Nach einem Dreier von Jaron Blossomgame aus etwa acht Metern führte Ulm dennoch im Derby gegen personell ebenfalls geschwächte Crailsheimer bereits im ersten Viertel zweistellig (28:19). Überhaupt funktionierte es von draußen zunächst ganz prima. Nachdem die Gäste sich zwischendurch ein bisschen rangepirscht hatten, stellten Thomas Klepeisz und wieder Blossomgame mit ihren Dreiern auf 45:29 und das roch schon vor der Mitte des zweiten Viertels nach einer Entscheidung. Mit der wollten sich die um die Teilnahme an den Play-offs kämpfenden Crailsheimer aber natürlich noch nicht abfinden und verkürzten den Rückstand auf sieben Punkte.
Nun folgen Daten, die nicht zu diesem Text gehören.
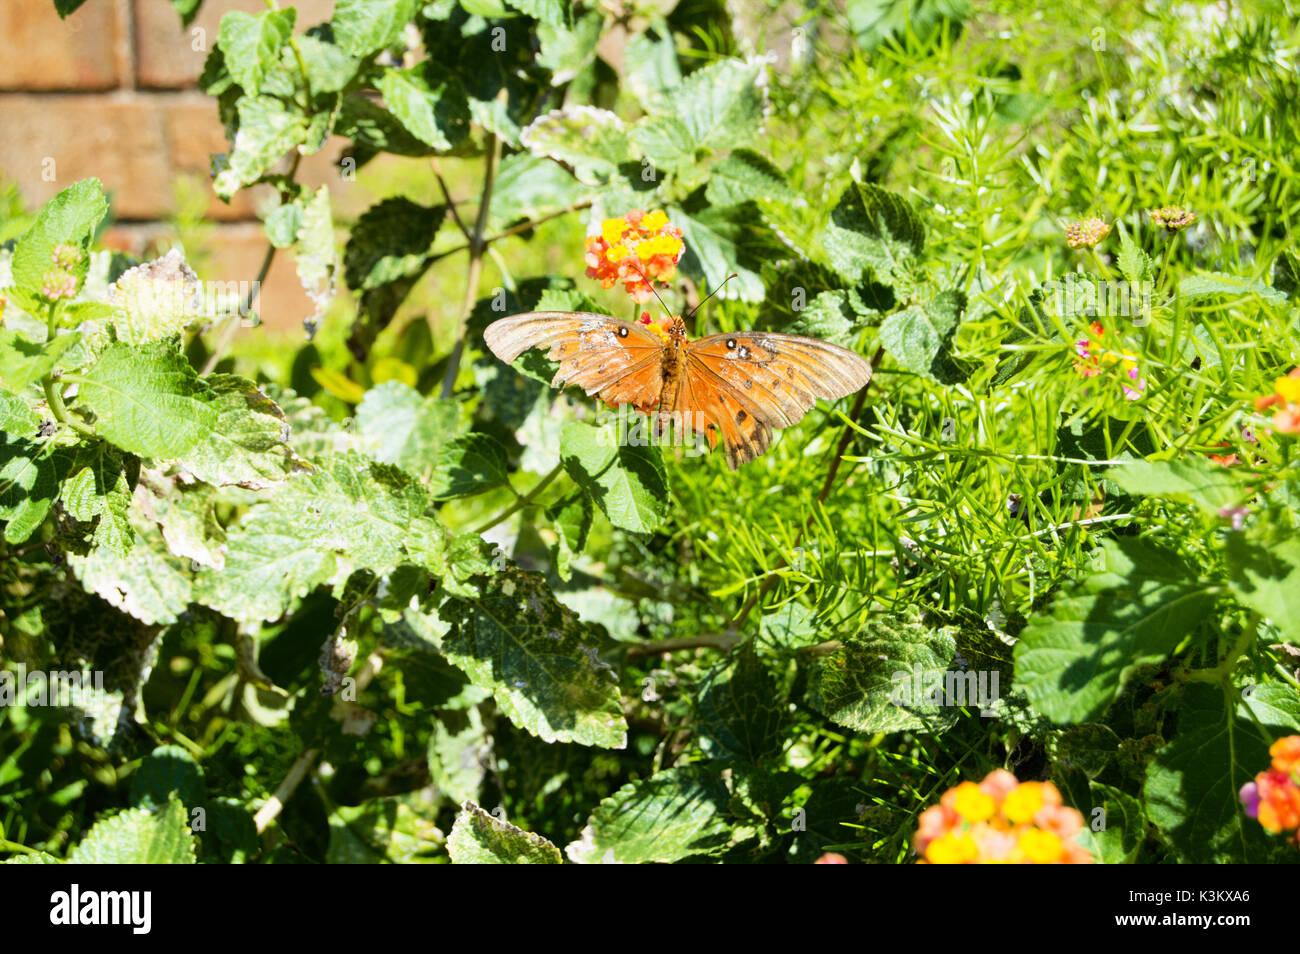 El dolor de la reina aterrizó en una mariposa multicolor de lantana. Foto de stock

Ein Dreier von Per Günther zur Pausenführung von 57:44 sorgte wieder für allerdings erneut nur scheinbar klare Verhältnisse. Crailsheim startete nämlich mit einem 10:0-Lauf in die zweite Halbzeit und der vermeintlich so klare Ulmer Vorsprung war auf drei Pünktchen geschmolzen. Die Führung hielt zwar bis zum 77:71 vor dem letzten Viertel, aber nicht sehr viel länger. Kurz vor dem Ende hatte Crailsheim die Partie gedreht und lag seinerseits mit 86:81 vorne. Nico Bretzel rettete seine Ulmer mit einem Korbleger 13 Sekunden vor dem Ende der regulären Spielzeit wenigstens in die Verlängerung. Zuvor war in Halbzeit zwei bei Ulm vorne fast nichts gegangen, jetzt hatte Crailsheim Probleme in der Offensive. Neun Punkte der Ulmer nacheinander zum Start in diese Zusatzschicht und sie hatten dieses Spiel mit Hängen und Würgen zu einem erfolgreichen Ende gebracht.

Dass die Ulmer am Freitag gegen Bonn verloren, das lag nicht nur an der Klasse des Tabellenführers und an dessen 17 Dreiern. Sondern auch daran, dass etwa der sonst aus der Mitteldistanz so sichere Semaj Christon nur einen seiner elf Würfe aus dem Zweierbereich traf. Auch insgesamt wirkte die Ulmer Mannschaft nach dem großen Kampf in Bologna und dem unglücklichen Aus im Viertelfinale des Eurocups körperlich und mental platt.